In future, Gray says machine learning systems may need to show how the data was prepared and why a particular machine learning model was chosen. “You’ll have to explain the performance of the model and its predictive accuracy in specific situations.”
That might mean compromises between how transparent a model is and how powerful it is. “It's not always the case that the more powerful methods are less transparent but we do see those trade-offs,” says Horvitz. “If you push very hard to get transparency, you will typically weaken the system.”
As well as the option of making systems more explainable, it’s also possible to use one machine learning system to explain another. That’s the basis of a system Horvitz worked on called Ask MSR. “When it generated an answer it could say here's the probability it's correct,” he says – and it’s a trick Watson uses too. “At a metalevel, you’re doing machine learning about a complex process you can’t see directly to characterize how well it's going to do.”
Ryan Caplan, CEO of ColdLight, which builds AI-based predictive analytics, suggests systems may ask how much they will need to explain before they give you an answer. “Put the human being in control by asking ‘do you need to legally explain the model or do you need the best result?’ Sometimes it’s more important to have accuracy over explainability. If I’m setting the temperature in different areas of an airport, maybe I don’t need to explain how I decide. But in many industries, like finance, where a human has to be able to explain a decision, that system may have to be curtailed to certain algorithms.”
Accessibility not fragility
Hector Yee, who worked on AI projects at Google before moving to AirBnB, insists that “machine learning should involve humans in the loop somewhere.” When he started work on AirBnB’s predictive systems he asked colleagues if they wanted a simple model they could understand or a stronger model they wouldn’t. “We made the trade-off early on to go human interpretable models,” he says, because it makes dealing with bugs and outliers in the data far easier.
“Even the most perfect neural net doesn’t know what it doesn’t know. We have a feedback loop between humans and machine learning; we can look at what the machine has done and what we need to do to add features that improve the model. We know what data we have available. We can make an informed decision what to do next.

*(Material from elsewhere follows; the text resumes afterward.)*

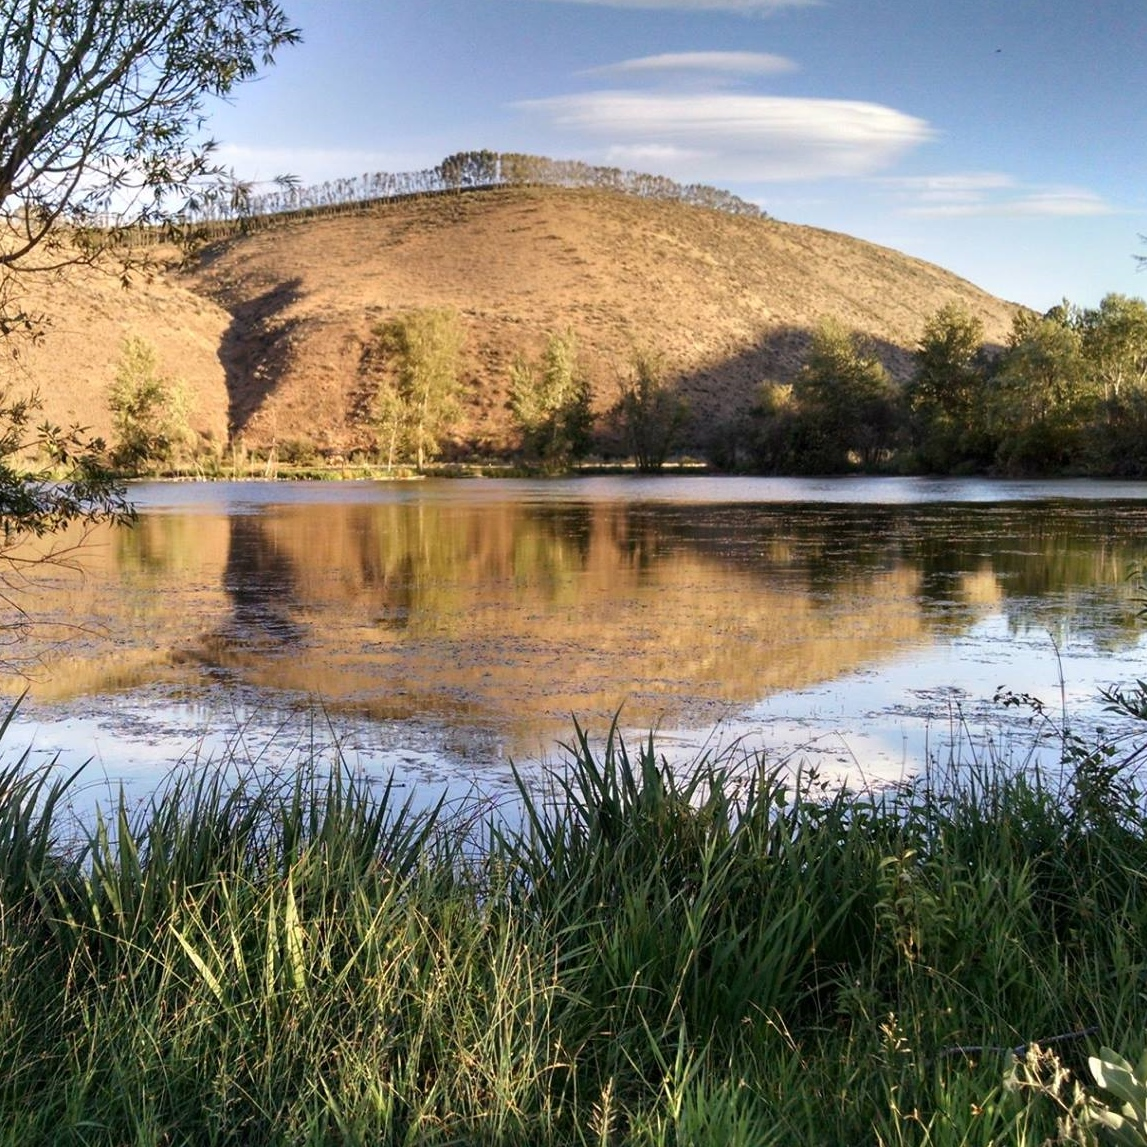 Helen McCabe Park - pond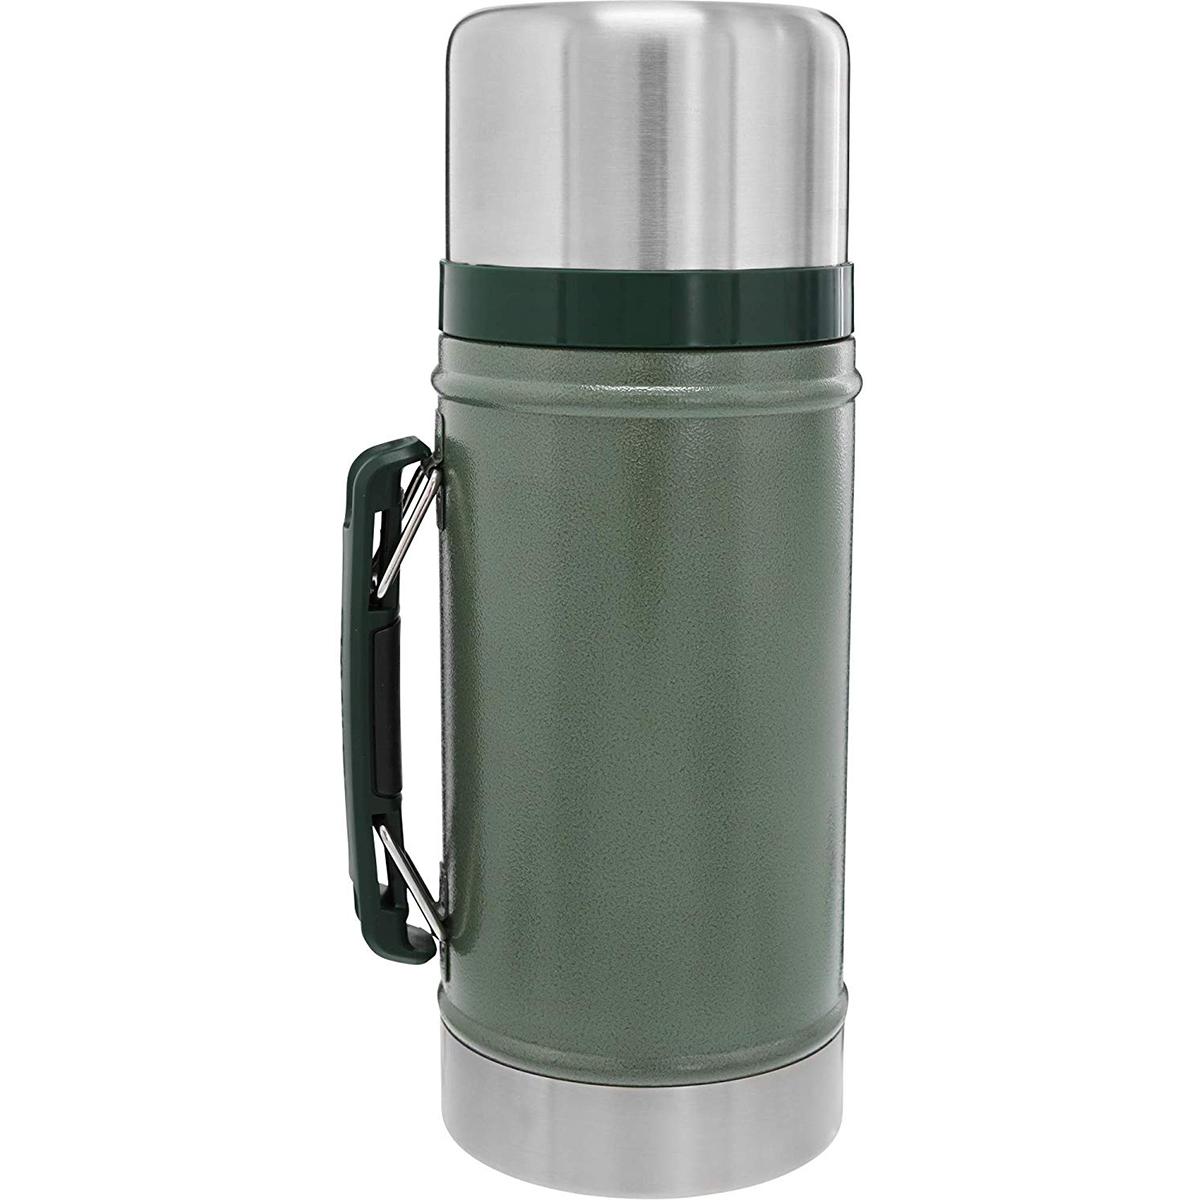 Legendary Vacuum Insulated Food Jar Stanley Classic 1 qt

When you do that, suddenly your weaker model becomes stronger.”
Patrice Simard of Microsoft Research is convinced that applies beyond today’s PhD-level machine learning experts. His goal is “to democratise machine learning and make it so easy to use my mother could build a classifier with no prior knowledge of machine learning.”
Given the limited number of machine learning experts, he says the best way to improve machine learning systems is to make them easier to develop. “You can build a super smart system that understands everything or you can break it down into a lot of multiple tasks and if each of these tasks can be done in an hour by a person of normal expertise, we can talk about scaling the numbers of contributors instead of making one particular algorithm smarter.”
When he was running Bing Ad Center, he abandoned a complex but powerful algorithm for something far simpler. “It took a week to train 500 million parameters using 20 machines and every time something went wrong people pointed to the algorithm and we had to prove it was computing the right thing – and then a week later, the same thing would happen again. I replaced it with a very simple algorithm that was similar in performance but could train in a matter of minutes or hours.” It was easier to understand, easier to develop and there were no more time-wasting arguments about whether the algorithm was wrong.
Being able to retrain quickly is key to keeping machine learning systems current, because the data feeding into machine learning systems is going to change over time, which will affect the accuracy of the predictions they make. With too complex a system, Simard warns “You’ll be stuck with an algorithm you don’t understand. You won’t know if you can keep the system if no-one has the expertise to tell you whether it still works. Or you might have one system that depends on another and one of those systems gets retrained. Can you still rely on it?”
And if AI is really effective, it’s going to change our world enough that it will have to evolve to keep up, Horvitz points out. A system to identify patients at risk of hospital readmission that keeps them out of the emergency room, will change the mix of patients it has to assess.
On the one hand, AI systems need to know their limitations. “When you take a system and put out in the real open world, there are typically many unforeseen circumstances that come up. How do you design systems that one explicitly understand they're in an open world and explicitly know that the world is bigger than their information?”
But, on the other hand, they also need to know their own impact. “The AI systems themselves as we build them have to understand the influences they make in the world over time, and somehow track them. They have to perform well, even though they’re changing the world they're acting in.”